Sunday, June 20, 2021

What is @system-service?

Because it's subject to change, systemd does not officially publish what makes up "@system-service".  However, as of June 20th, 2021, the git repository defines the system calls allowed in src/shared/seccomp-util.c.  In addition to some more calls, @system-service (SYSCALL_FILTER_SET_SYSTEM_SERVICE) currently includes the following groups:

@aio, @basic-io, @chown, @default, @file-system, @io-event, @ipc, @keyring, @memlock, @network-io, @process, @resources, @setuid, @signal, @sync, and @timer.

It may be more interesting to consider what it doesn't include:

@clock, @cpu-emulation, @debug, @module, @mount, @obsolete, @pkey, @privileged, @raw-io, @reboot, and @swap.

This is not a list of what it "excludes," because system calls may appear on multiple lists; "chown" is permitted by @chown, and the non-inclusion of @privileged doesn't revoke that permission.

Some further observations:

  • @aio includes io_uring.
  • @raw-io is port-based I/O, and configuration of PCI MMIO.
  • @basic-io is read/write and related calls; @file-system is a much larger group that covers access, stat, chdir, open, and so on.
  • @io-event is evented I/O, that is, select/poll/epoll.
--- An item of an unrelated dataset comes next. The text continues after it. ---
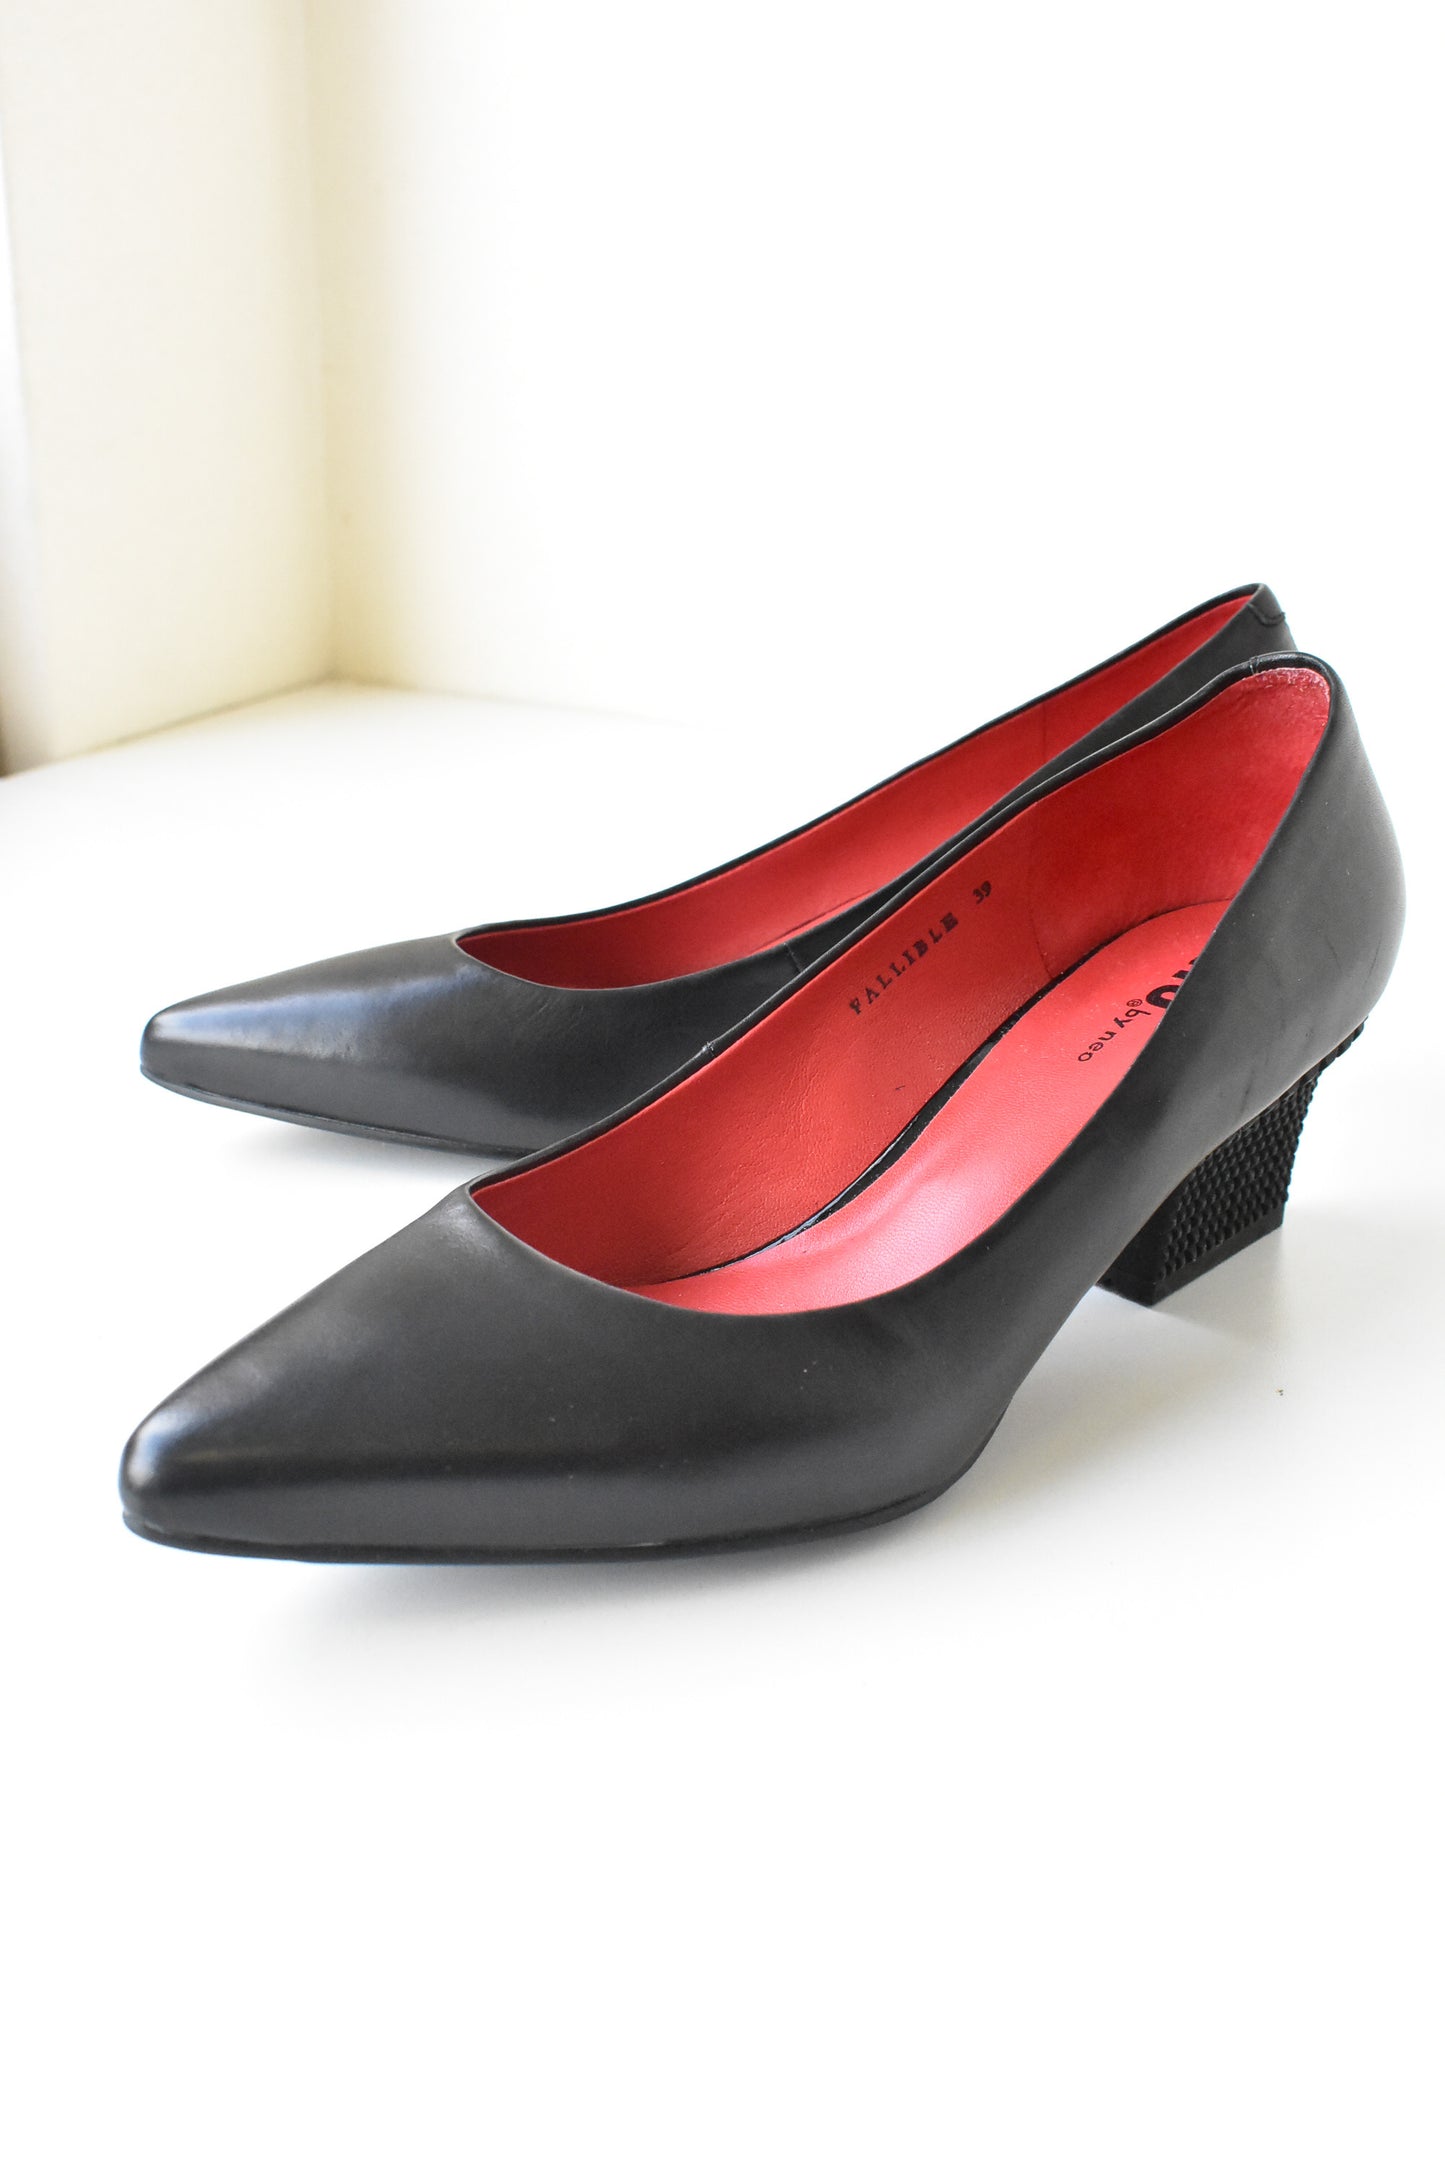 Nu By Neo black leather heels, size 39
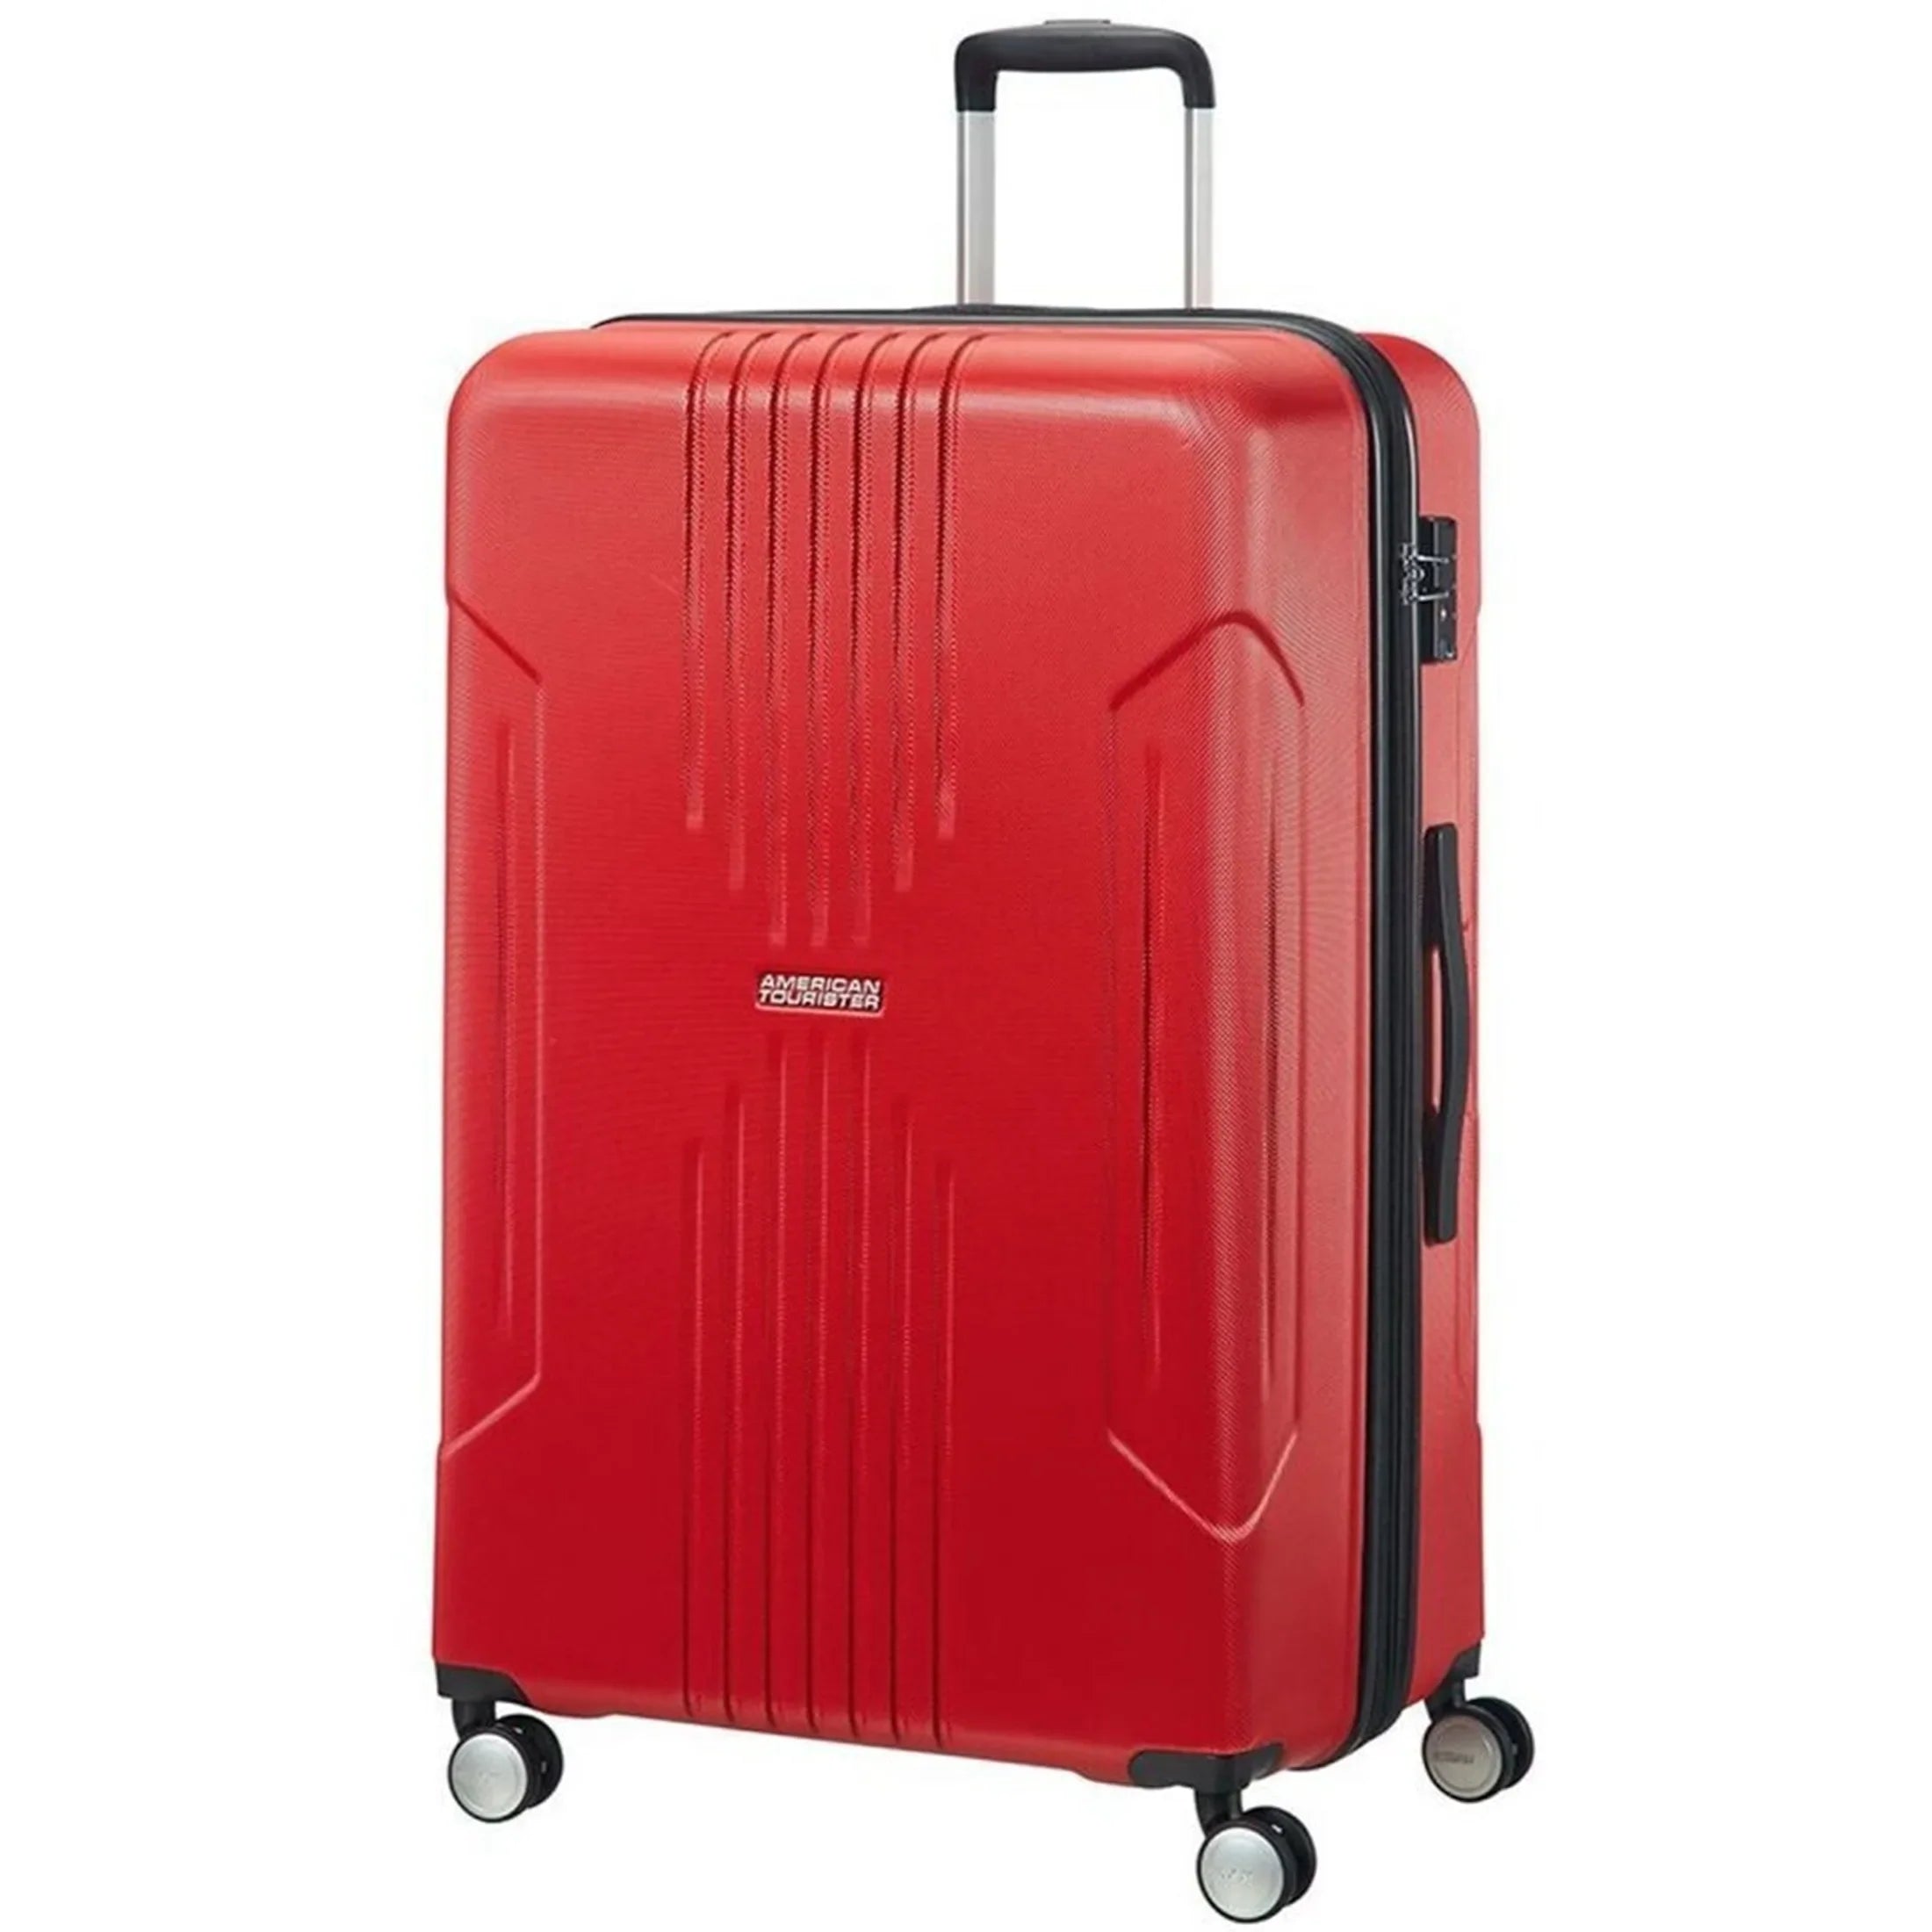 American Tourister Tracklite 4-Rollen Trolley 78 cm - flame red

Essentially, @system-service is meant to permit a fairly wide range of operations.  This makes it easier to start using (less likely to break things), at the cost of potentially leaving the gates open more than necessary.

As for my own systems, I may start revoking @privileged and @memlock from daemons that run as a non-root user from the start.  Other than that, this exercise didn't turn out to be very informative.

Update on 2021-06-25: The command systemd-analyze syscall-filter will show all of the built-in sets; systemd-analyze syscall-filter @privileged will show the filters for a specific set (in this example, the "@privileged" list of calls.)